Пастырь отдал нашему другу свой узелок, и тот под общий смех и шутки облачился в монашескую рясу, а так как Пирли еще продолжил носить на голове высоченный меховой кивер, захваченный тридцать первого декабря во вражеском лагере, облик его стал совсем уж странным.
Чуть позже несколько женщин тоже принесли корзинки с провизией. Появление особ женского пола мгновенно преобразило весь тетдепон. Неизвестно откуда появилась гитара, один из солдат мастерски заиграл несравненную, божественную, бессмертную хоту, и тут же начался задорный танец. Пирли, чей забавный наряд сочетал в себе форму французского сапера и одеяние испанского монаха, оказался отменным танцором; нашлась у него и достойная пара — прелестная девушка, по имени Мануэла, одетая горянкой. Этой стройной красотке с тонкой и белой кожей было на вид лет двадцать — двадцать два. Лицо ее вскоре зарделось, и, возбужденная танцем, она, не зная усталости, двигалась все быстрее и быстрее. Глаза у нее полузакрылись, щеки разрумянились, руки двигались в такт музыке. Она с лукавым проворством вертела краем юбки и порхала с места на место, поворачиваясь к зрителям то лицом, то спиною. Мы стояли как зачарованные. Ее вдохновенная пляска воодушевляла музыканта и остальных танцоров, а их воодушевление, в свою очередь, все больше раззадоривало Мануэлу, пока, наконец, усталость не одолела ее и обессиленная девушка, запыхавшись и опустив руки, не села прямо на Землю.
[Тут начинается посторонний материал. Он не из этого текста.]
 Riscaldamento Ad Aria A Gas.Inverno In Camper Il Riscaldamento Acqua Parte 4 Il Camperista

Пирли пристроился рядом с нею, и вокруг них тотчас же образовали круг, посредине которого оказалась корзинка с едой.
— Посмотрим, Мануэла, что ты нам принесла, — сказал Пирли. — Если бы не ты и не отец Бусто, почтивший нас своим посещением, мы бы с голода умерли. А не потанцуй мы малость, чтобы позабыть обо всех этих «горячих пышках» да «тещах», то нам, бедным солдатам, и вовсе бы худо пришлось.
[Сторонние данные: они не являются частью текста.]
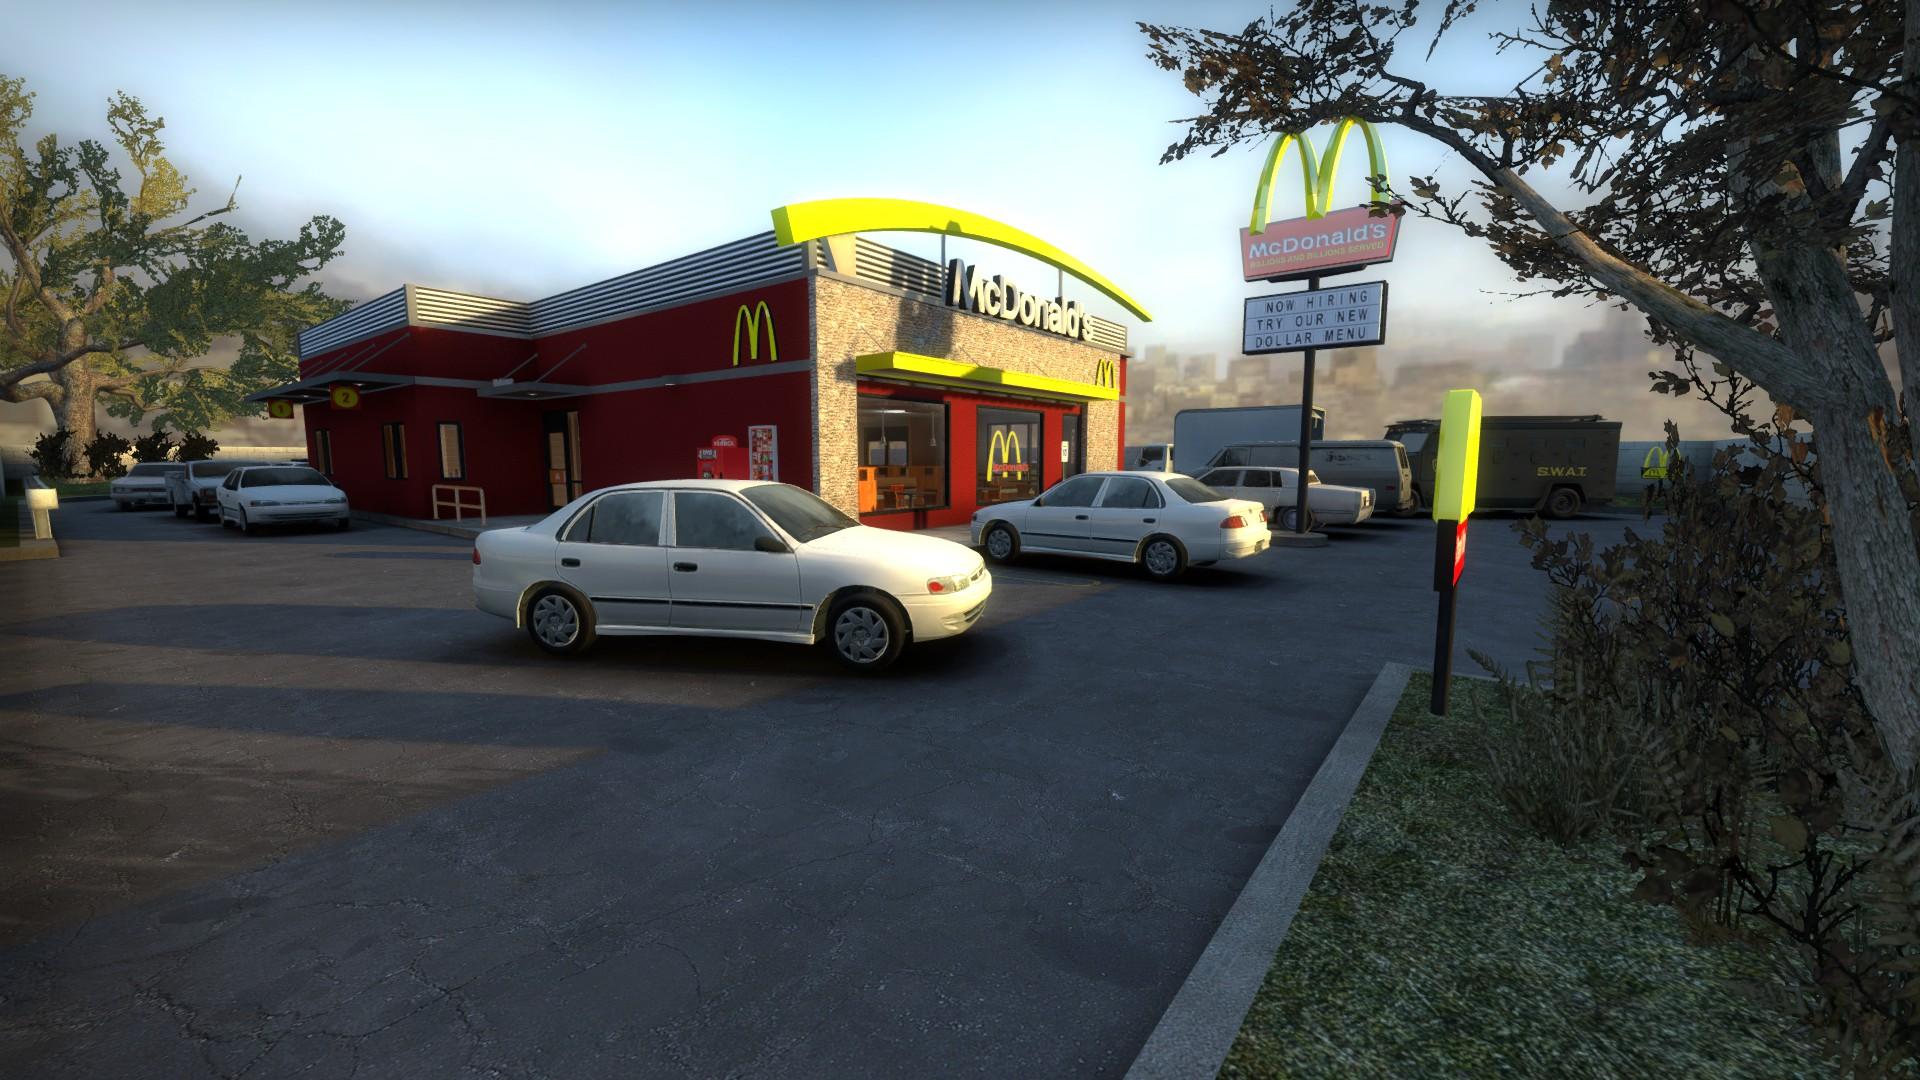 Скачать карту McDonald's для CS:GO бесплатно

— Что дома было, то и принесла, — ответила Мануэла, вытаскивая провиант из корзинки. — Еды остается мало, и, если осада затянется, вы еще кирпичи грызть будете.
— Ничего! Мы и картечь, запеченную в «черной муке», слопаем, — изрек Пирли. — Мануэла, а ты уже научилась не бояться выстрелов?
С этими словами он быстро схватил ружье и выстрелил в воздух. Девушка громко вскрикнула и, вскочив, отбежала от нас.
— Не пугайся, дочь моя, — успокоил ее монах. — Смелые женщины не боятся выстрелов; скорее напротив, пальба должна быть для них так же приятна, как стук кастаньет и переборы бандурии.
— Когда я слышу выстрел, у меня кровь в жилах стынет, — ответила Мануэла боязливо.
В эту минуту французы, видимо решив проверить, удачно ли расставлена артиллерия на их новой осадной линии, выстрелили из пушки; ядро попало в бруствер нашего укрепления, и хрупкие кирпичи разлетелись на тысячи осколков.
Все вскочили и впились глазами во вражеские позиции, красавица опять вскрикнула от ужаса, а дядюшка Гарсес, сунув голову в бойницу и поминутно поминая черта, принялся осыпать французов непристойной бранью. Тем временем собачонка монаха с отчаянным лаем носилась взад и вперед по укреплению.
— А ну-ка, Мануэла, станцуем хоту под эту музыку, и да здравствует приснодева Пилар! — воскликнул Пирли, прыгая, как бесноватый.
Мануэла, подстрекаемая любопытством, подняла голову, вытянула шею и посмотрела через бруствер в сторону противника. Затем она оглядела равнину, и страх, царивший в ее робкой душе, постепенно рассеялся, так что, в конце концов, она почти спокойно и даже не без удовольствия стала наблюдать за вражескими позициями.
— Одна, две, три пушки, — считала она видневшиеся вдали жерла орудий. — Ну, ребята, не бойтесь. Для таких, как вы, это пустяки.